Doe v. General Hospital of District of Columbia

Decision Date15 May 1970
Docket NumberNo. 24011.,24011.
Citation434 F.2d 427
PartiesMary DOE et al., Appellants, v. GENERAL HOSPITAL OF the DISTRICT OF COLUMBIA et al., Appellees.
CourtU.S. Court of Appeals — District of Columbia Circuit

COPYRIGHT MATERIAL OMITTED

Mr. Michael Nussbaum, with whom Miss Caroline Nickerson, Washington, D. C., was on the motion for appellants.

Messrs. Charles T. Duncan, Corporation Counsel, Hubert B. Pair, Principal Asst. Corporation Counsel, and Richard W. Barton, and David P. Sutton, Asst. Corporation Counsel, for appellees.

Before BAZELON, Chief Judge, McGOWAN and MacKINNON, Circuit Judges, in chambers.

BAZELON, Chief Judge:

This is a motion to hold respondents, various persons connected with the administration of D.C. General Hospital,1 in civil contempt. At an earlier stage of this litigation, the district court granted preliminary injunctive relief to the class of indigent women resident in the District of Columbia who seek therapeutic abortions at D.C. General Hospital.2 Respondents were ordered simply to comply with the hospital's own regulations concerning the grounds for performing such operations; and specifically, to end the practice of limiting abortions performed to protect the woman's mental health to those patients who could establish a history of mental illness predating the pregnancy.3 The day after the district court issued its preliminary injunction, we denied petitioners' motion for summary reversal. Because the papers filed by the parties indicated some confusion regarding the scope of the preliminary injunction, we sought in our order denying summary reversal to state our understanding of what it required.

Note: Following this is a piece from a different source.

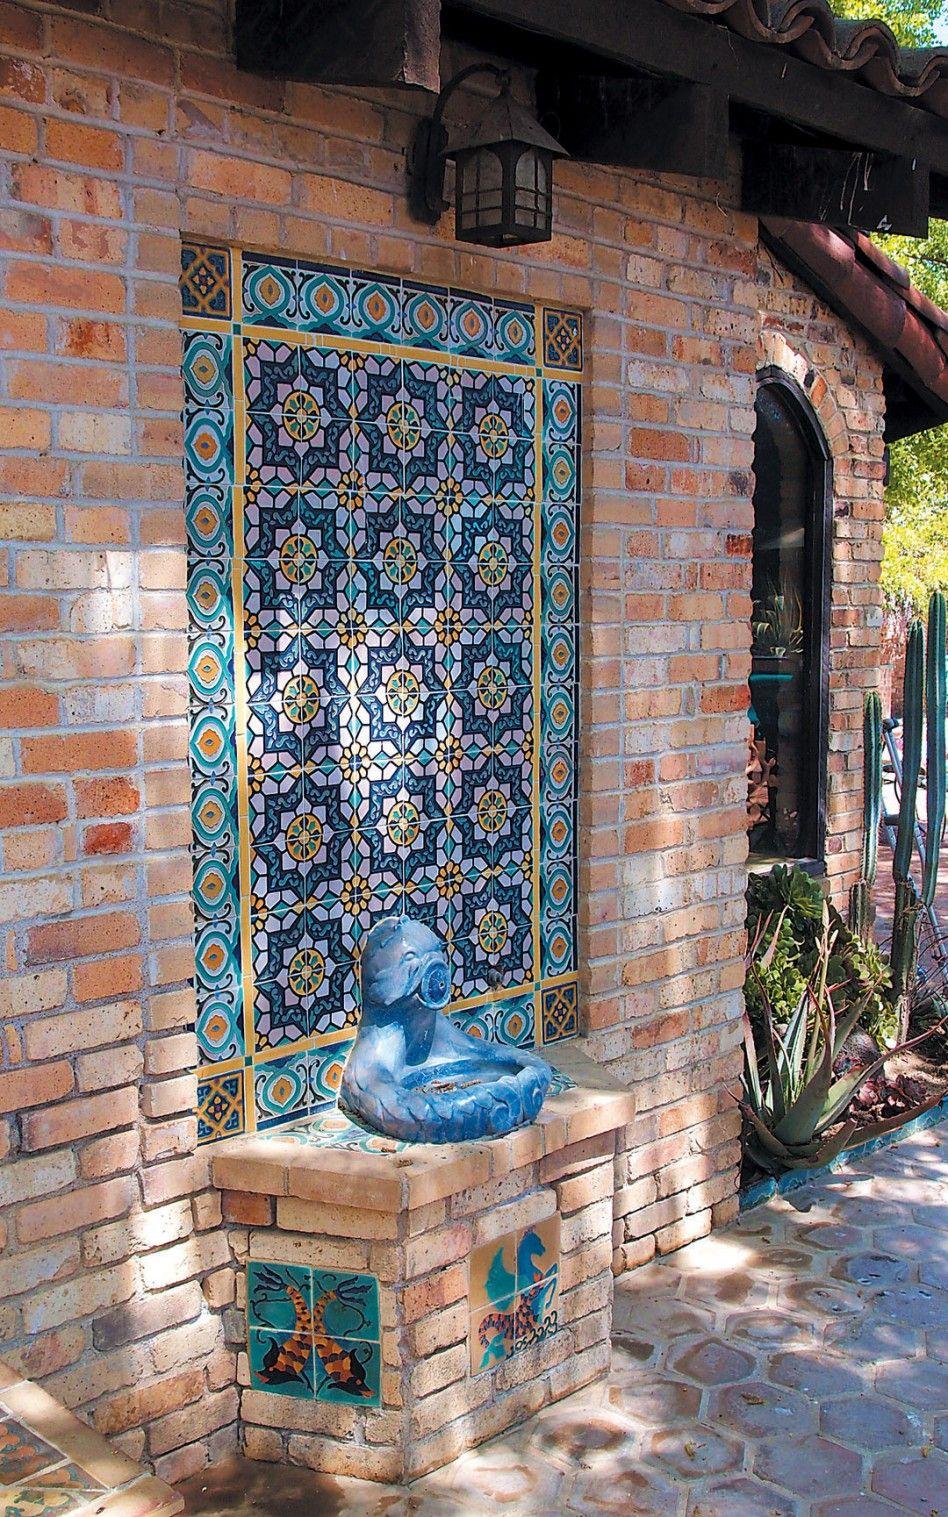 Fuentes de jardin decorativas para pared fuentes for Fuentes de jardin baratas

Thereafter, one of the original named plaintiffs sought and was denied a therapeutic abortion at the hospital under the terms of the preliminary injunction. Petitioners sought to have us hold respondents in civil contempt. We entertained the motion because of the emergency nature of the matter at that time,4 but denied the motion because the relief of civil contempt was inappropriate, inasmuch as Mary Doe had received the relief she sought from another source. We noted also that the hospital's action was within an interpretation of the terms of the two outstanding judicial orders which, although clearly wrong, was barely plausible as a first attempt on the part of the hospital administrators to accommodate hospital practices to the requirements of the preliminary injunction. In light of that misunderstanding, however, and with a purpose to avoid further claims of contempt of the preliminary injunction, we accompanied our order with an opinion setting forth, this time in some detail, precisely what compliance with the district court's preliminary injunction appeared in our view to entail.5

A second contempt motion demands closer scrutiny, for it calls into question not only the specific denial of treatment to the named petitioner, but also the general practice of the hospital with respect to the members of the class she represents. The facts set forth in the uncontroverted affidavits filed in support of the instant motion are simple. "Mary Doe II" is fourteen years old and eight to eleven weeks pregnant. Her father is an unemployed alcoholic; her mother, who supports Mary and four other children, works as a charwoman in two jobs and earns less than $100 a week. Mrs. Molly Doe, Mary's mother, herself became pregnant for the first time at the age of fourteen. She bore the child, but hopes for a better future for her daughter. Mrs. Doe sought advice from a more affluent and better educated neighbor, who telephoned D.C. General on Mary's behalf. The neighbor was told by Dr. Ward, one of the four staff physicians in the department of obstetrics and gynecology, that abortions on mental health grounds were available only to persons with a prior history of psychiatric treatment.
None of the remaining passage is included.